I am an owner of a tipi…

I never suspected that I would be, and for the first decade or so of reenacting; I had always viewed them as something far more Plains Indian and inappropriate/historically incorrect for what I do.  For a variety of reasons, I have changed my attitude toward this, and when my Uncle Ken mentioned that he had a tipi that he was looking to get rid of; I knew I wanted it.  A big thanks to Uncle Ken and I owe you!

In living history and reenactment, many people tend to get an idea of what is correct or what is not and then blindly label everything according to a “generic look” instead of looking at the bigger picture (or actually a more narrow, geographic specific picture).  For us in the Great Lakes, much of the current standard of correctness has been established by items, writings, researchers, reenactors, etc. from further east.  Also, there is a tendency to view anything Western or Plains as automatically incorrect.  While “generic looks” and basic standards  are great and have, in many ways, increased the overall quality of historic impressions; it often obscures regionalism.  For many of us in the western Great Lakes, regionally we see some things that are far more Western, Plains, or Prairie than Eastern.

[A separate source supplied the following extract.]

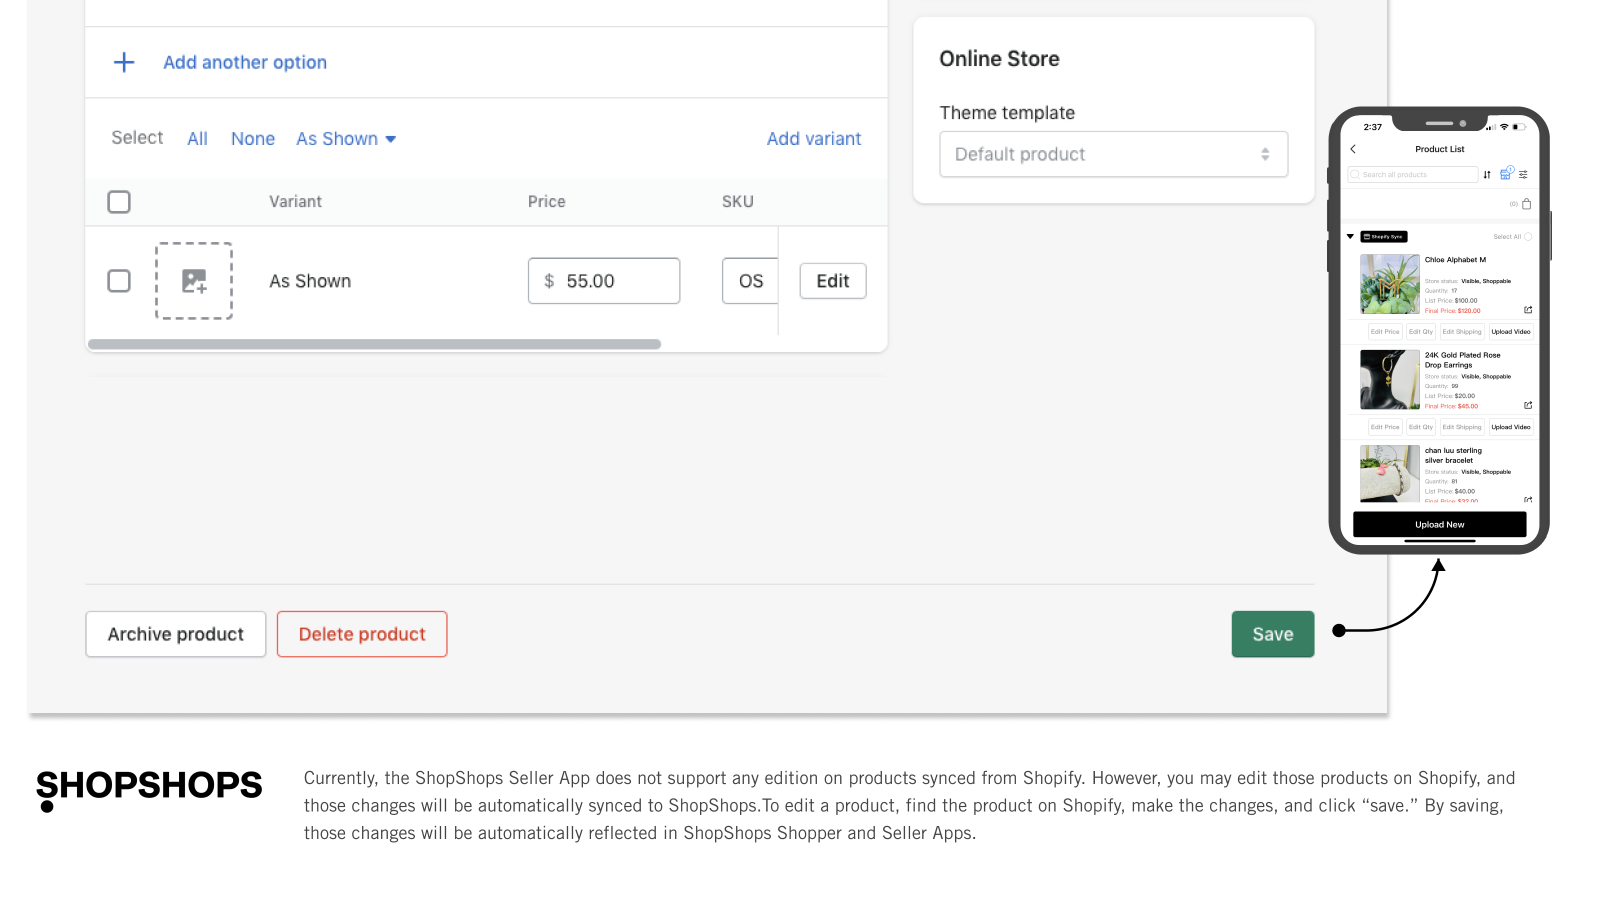 Sync product details and status between ShopShops & Shopify.

Now, before I explain out tipis in connection to my fur trade interest in WI, I should note that my tipi is cotton canvas and modern made, not a truly correct hide tipi as what really is reflected in the history I will be explaining.  Linda Holley’s website is a great resource for the history of tipi construction, etc., and she notes a variety of elements that are incorrect (historically speaking) on most modern tipis.  This all said, a French era or British era fur trader or voyageur in western WI, would certainly have had some familiarity and experience with the often romanticized (and just plain cool) tipi.  I plan on using my tipi, not at reenactments, but set up in the prairie grass and weeds well behind my house.  It can give me, my family, and my friends the experience (and fun) of camping out in a tipi.  I am especially looking forward to some nights out in it this winter.

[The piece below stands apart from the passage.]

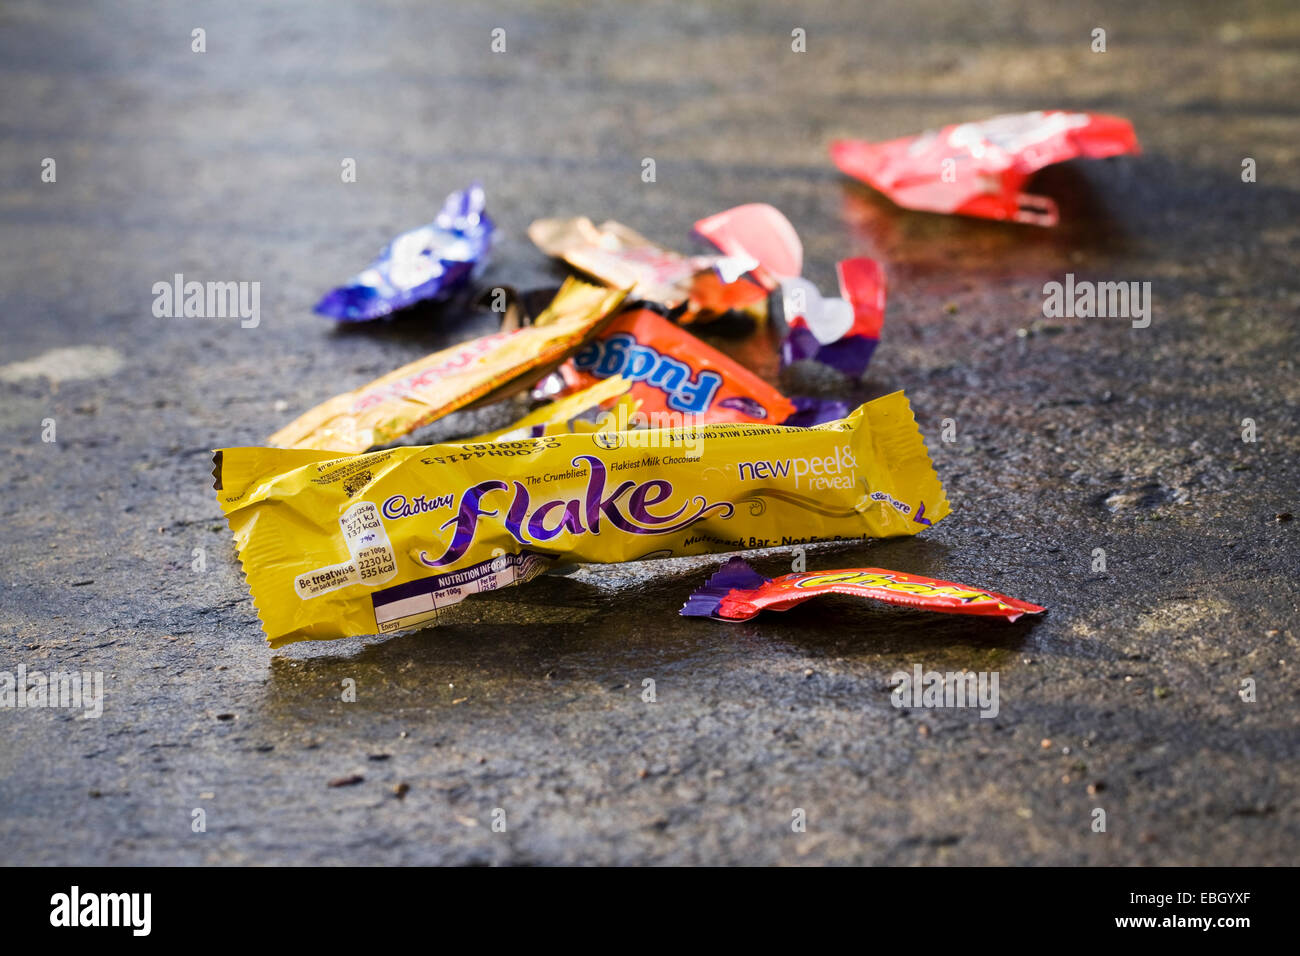 Empty sweet wrappers littering the pathway. Stock Photo

Starting with the local geography in regards to tipi usage; where I live in western Wisconsin is sort of a borderlands between many Indian nations.  The Ojibwe were very close to the north, the Hochunk had villages nearby to the south, Mesquakie and Sauk roamed through this region at various times, and of course there were the Dakota.  Although this was sort of a borderland, “officially” we can consider it Dakota.  In fact, the U.S. government and the various Indian nations of the area came to that agreement in the Prairie du Chien Treaty of 1825 (see map below).  The early French explorers and traders (Hennepin, Perrot, etc.) coming into this area mention the Dakota.   In 1730, the French established a post in modern day Trempealeau, WI for the purpose of trading with the Dakota.  The location of this “Scioux Post” is a less than 20 mi. from my house (“as the crow flies”).  Although the Dakota were often living in wigwams and bark houses, they also used the tipi as a moveable shelter when traveling and hunting.   The use of these tipi are seen in later paintings and drawings by artists from the mid 19th century like F.B. Mayer and Seth Eastman.  These men show tipis in Minnesota and along the Mississippi River in places not far from me, such as Wabasha (a mere 30 mi. as the crow flies).   Certainly traders living in my area had frequent interaction with the tipi.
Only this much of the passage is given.